In the records below, find the line that contains "2010 Honda 本田 Fit" and the line that contains "Livre Numerique Epub", then retype exactly those two lines and every line between them.
(DATASET RECORDS)
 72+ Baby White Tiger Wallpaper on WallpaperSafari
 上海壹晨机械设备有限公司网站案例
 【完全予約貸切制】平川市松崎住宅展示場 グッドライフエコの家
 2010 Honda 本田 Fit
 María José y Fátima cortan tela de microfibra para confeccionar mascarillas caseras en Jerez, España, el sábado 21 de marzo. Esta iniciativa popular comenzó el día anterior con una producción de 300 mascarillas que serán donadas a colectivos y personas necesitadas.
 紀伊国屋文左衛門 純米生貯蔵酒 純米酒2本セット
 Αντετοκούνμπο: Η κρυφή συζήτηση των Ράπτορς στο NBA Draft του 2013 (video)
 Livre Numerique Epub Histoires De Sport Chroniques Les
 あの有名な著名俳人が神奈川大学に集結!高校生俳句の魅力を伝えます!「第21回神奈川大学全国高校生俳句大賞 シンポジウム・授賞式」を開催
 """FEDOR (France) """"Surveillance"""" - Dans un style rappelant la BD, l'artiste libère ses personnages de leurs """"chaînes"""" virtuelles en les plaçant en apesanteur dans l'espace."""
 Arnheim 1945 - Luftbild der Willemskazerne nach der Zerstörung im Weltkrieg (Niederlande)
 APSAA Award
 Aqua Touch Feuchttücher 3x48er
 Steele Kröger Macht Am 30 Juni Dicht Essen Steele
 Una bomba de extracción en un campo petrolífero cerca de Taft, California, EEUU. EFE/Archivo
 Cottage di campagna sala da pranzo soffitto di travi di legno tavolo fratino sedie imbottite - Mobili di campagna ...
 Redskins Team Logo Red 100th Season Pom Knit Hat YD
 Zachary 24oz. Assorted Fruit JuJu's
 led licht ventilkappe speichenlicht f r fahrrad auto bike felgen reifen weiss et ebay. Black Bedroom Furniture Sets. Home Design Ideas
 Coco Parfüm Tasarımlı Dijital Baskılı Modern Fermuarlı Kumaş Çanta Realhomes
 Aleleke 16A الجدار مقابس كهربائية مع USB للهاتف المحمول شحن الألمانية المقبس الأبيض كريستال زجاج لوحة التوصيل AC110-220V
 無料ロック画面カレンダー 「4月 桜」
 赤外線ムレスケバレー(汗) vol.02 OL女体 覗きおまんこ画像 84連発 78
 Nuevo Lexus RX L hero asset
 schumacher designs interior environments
(End DATASET RECORDS)
» **ANSWER BOX**
 2010 Honda 本田 Fit
 María José y Fátima cortan tela de microfibra para confeccionar mascarillas caseras en Jerez, España, el sábado 21 de marzo. Esta iniciativa popular comenzó el día anterior con una producción de 300 mascarillas que serán donadas a colectivos y personas necesitadas.
 紀伊国屋文左衛門 純米生貯蔵酒 純米酒2本セット
 Αντετοκούνμπο: Η κρυφή συζήτηση των Ράπτορς στο NBA Draft του 2013 (video)
 Livre Numerique Epub Histoires De Sport Chroniques Les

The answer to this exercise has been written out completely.